# [ABOUT THIS TASK]
In the entries that follow, find the line containing "ПВА-сетка 7м 25мм" and the line containing "ALORS blog 01.09.18", then copy exactly everything from the first through the second except the pictures.

# [MATERIAL FOR THE TASK]
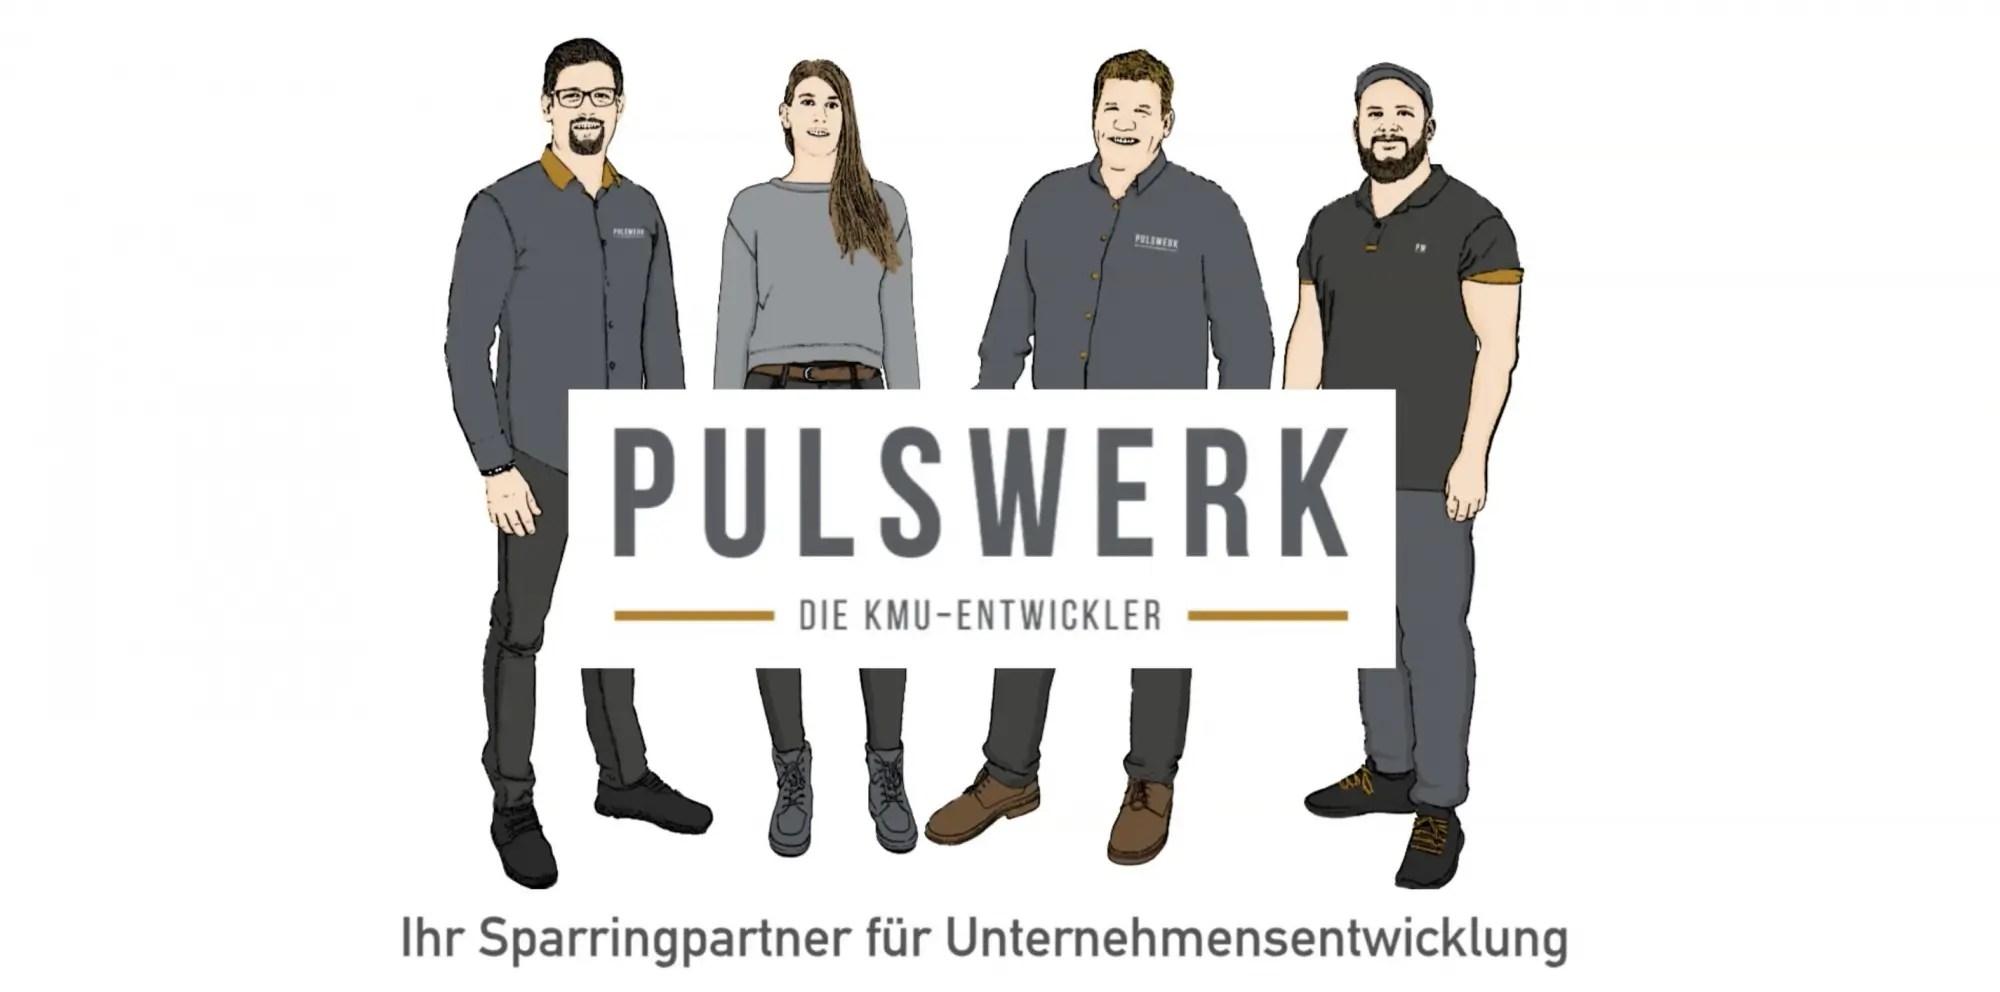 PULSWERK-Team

--

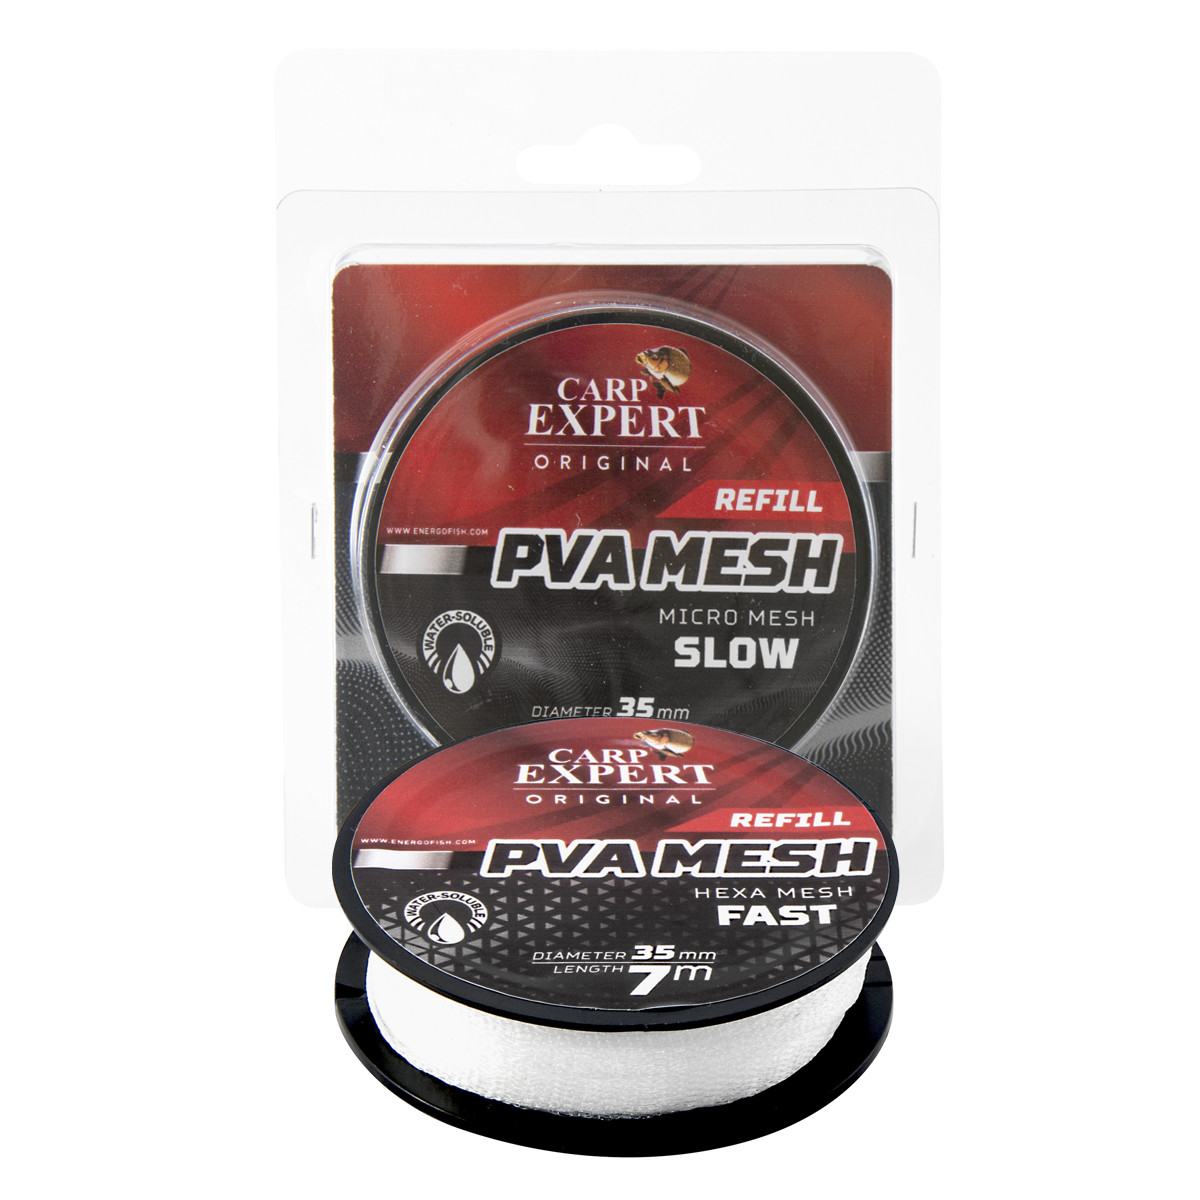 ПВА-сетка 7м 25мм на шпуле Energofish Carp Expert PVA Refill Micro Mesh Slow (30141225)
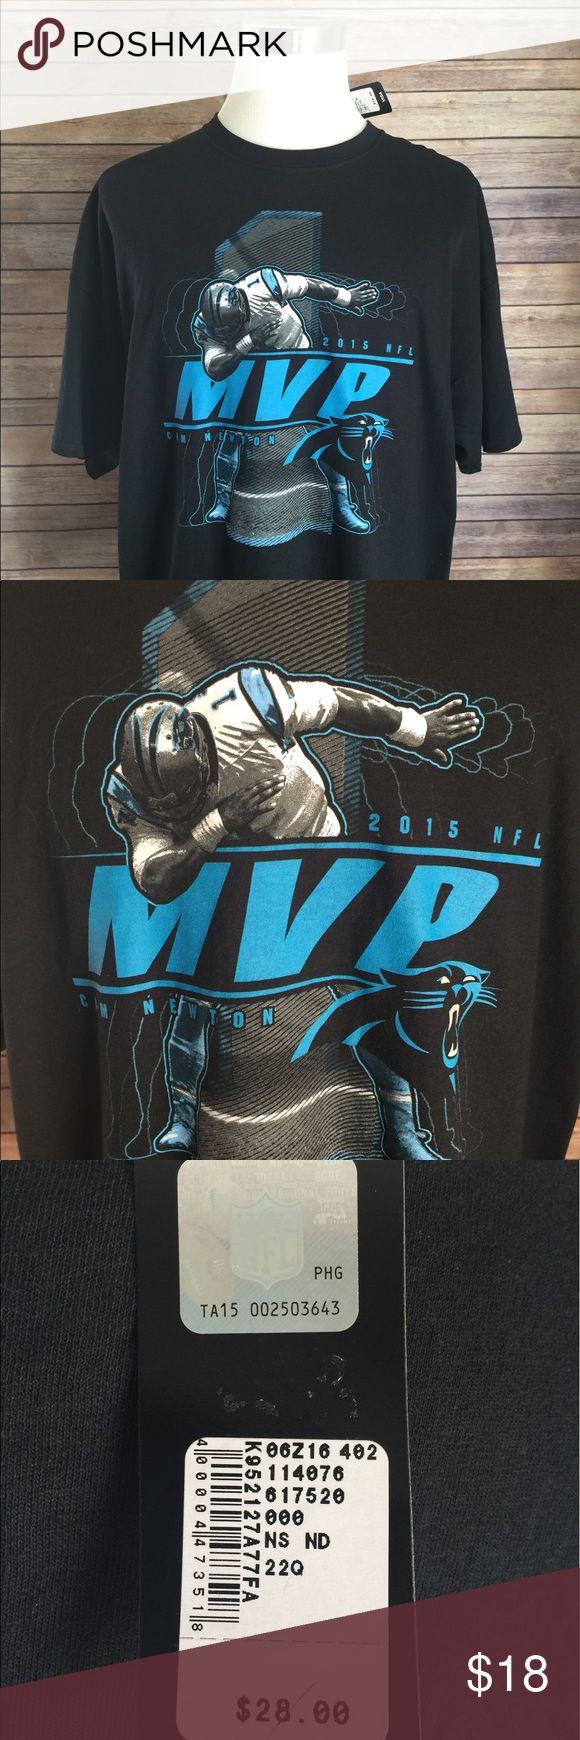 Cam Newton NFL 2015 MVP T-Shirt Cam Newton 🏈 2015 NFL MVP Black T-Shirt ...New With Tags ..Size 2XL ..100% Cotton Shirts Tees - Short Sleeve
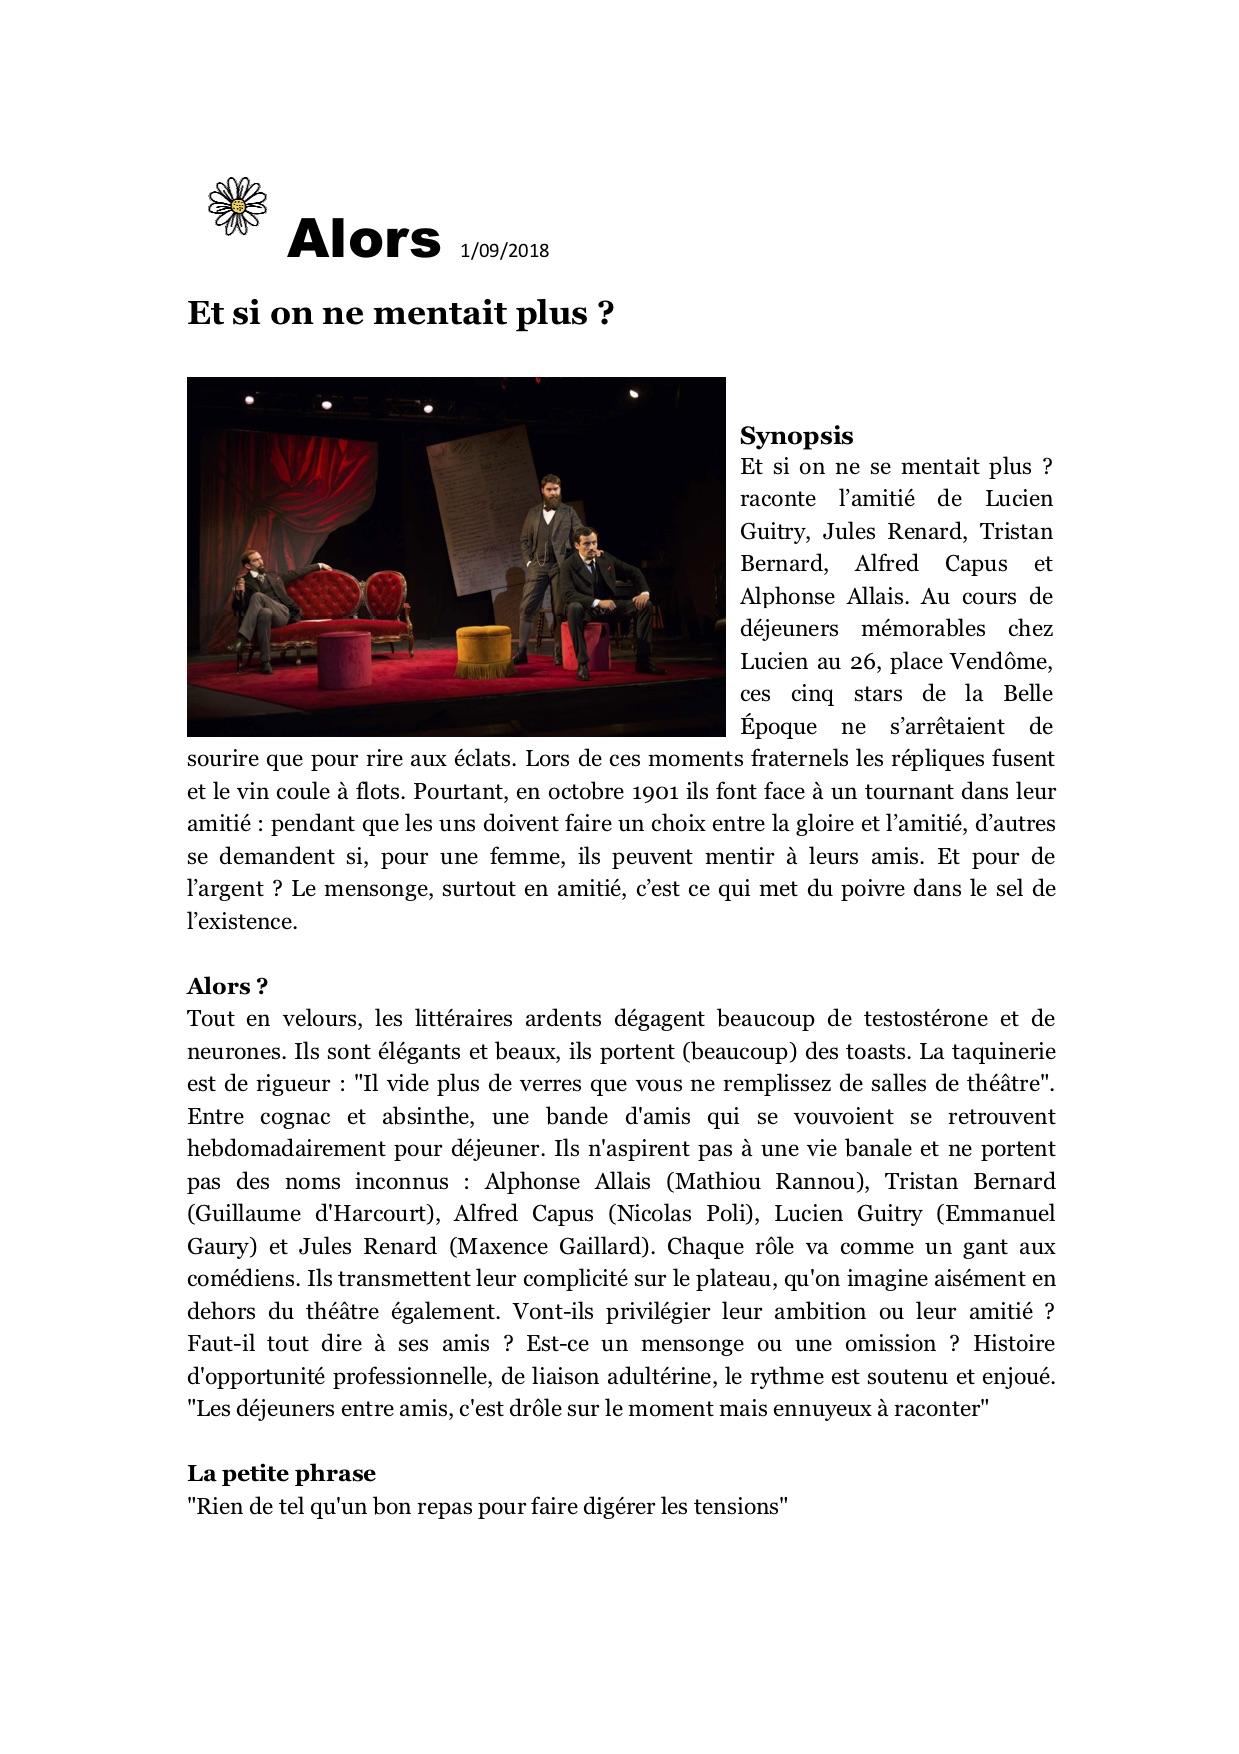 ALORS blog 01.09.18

==

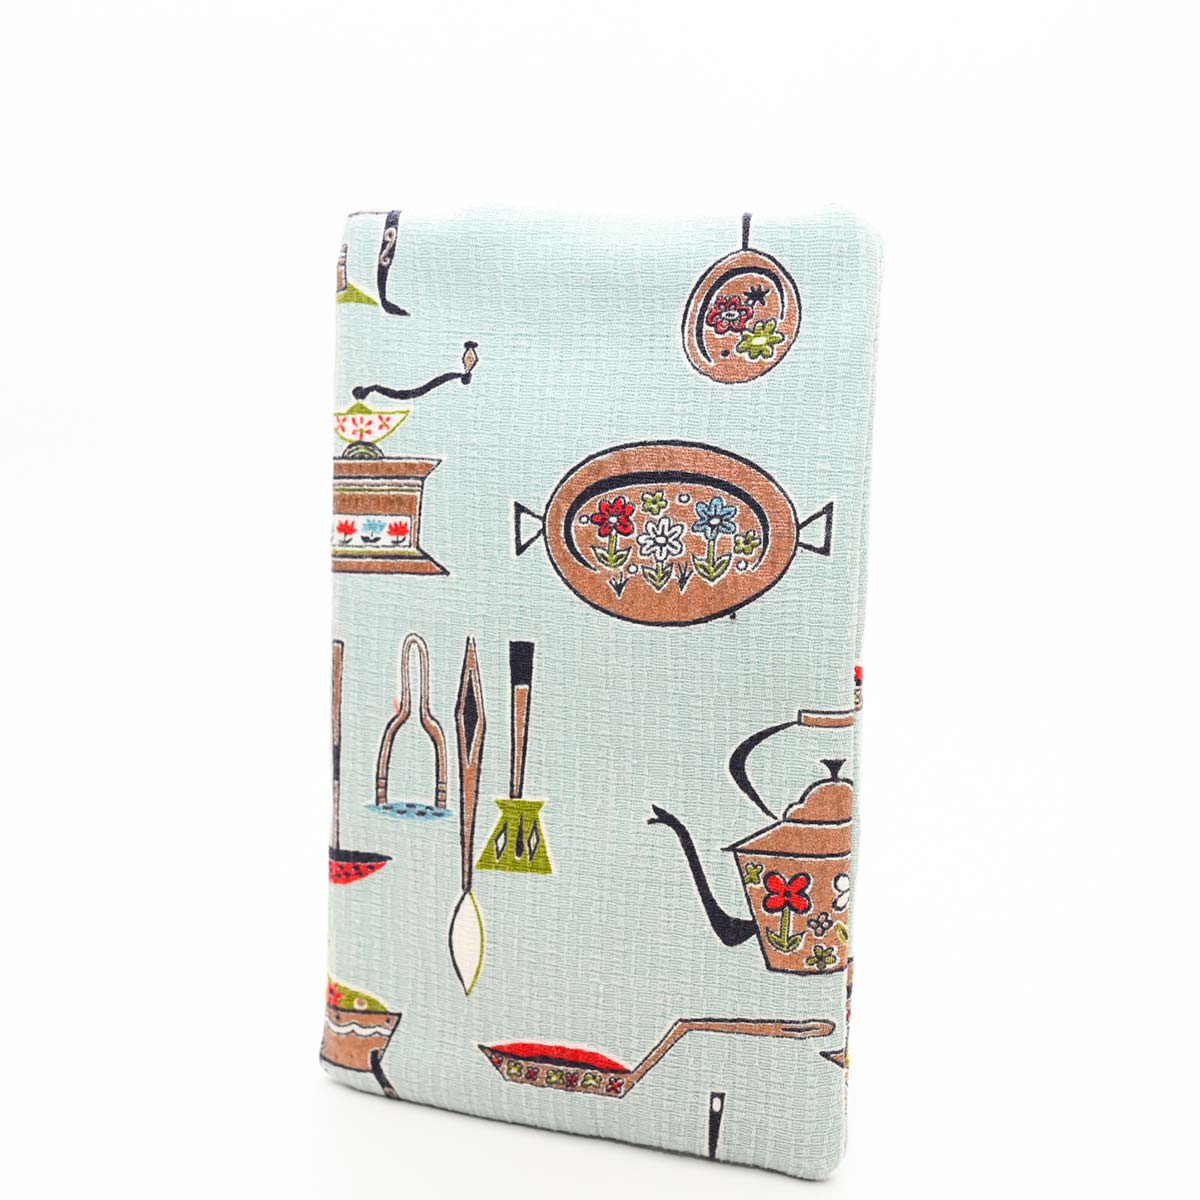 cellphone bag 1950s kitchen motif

# [WRITTEN ANSWER]
 ПВА-сетка 7м 25мм на шпуле Energofish Carp Expert PVA Refill Micro Mesh Slow (30141225)
 Cam Newton NFL 2015 MVP T-Shirt Cam Newton 🏈 2015 NFL MVP Black T-Shirt ...New With Tags ..Size 2XL ..100% Cotton Shirts Tees - Short Sleeve
 ALORS blog 01.09.18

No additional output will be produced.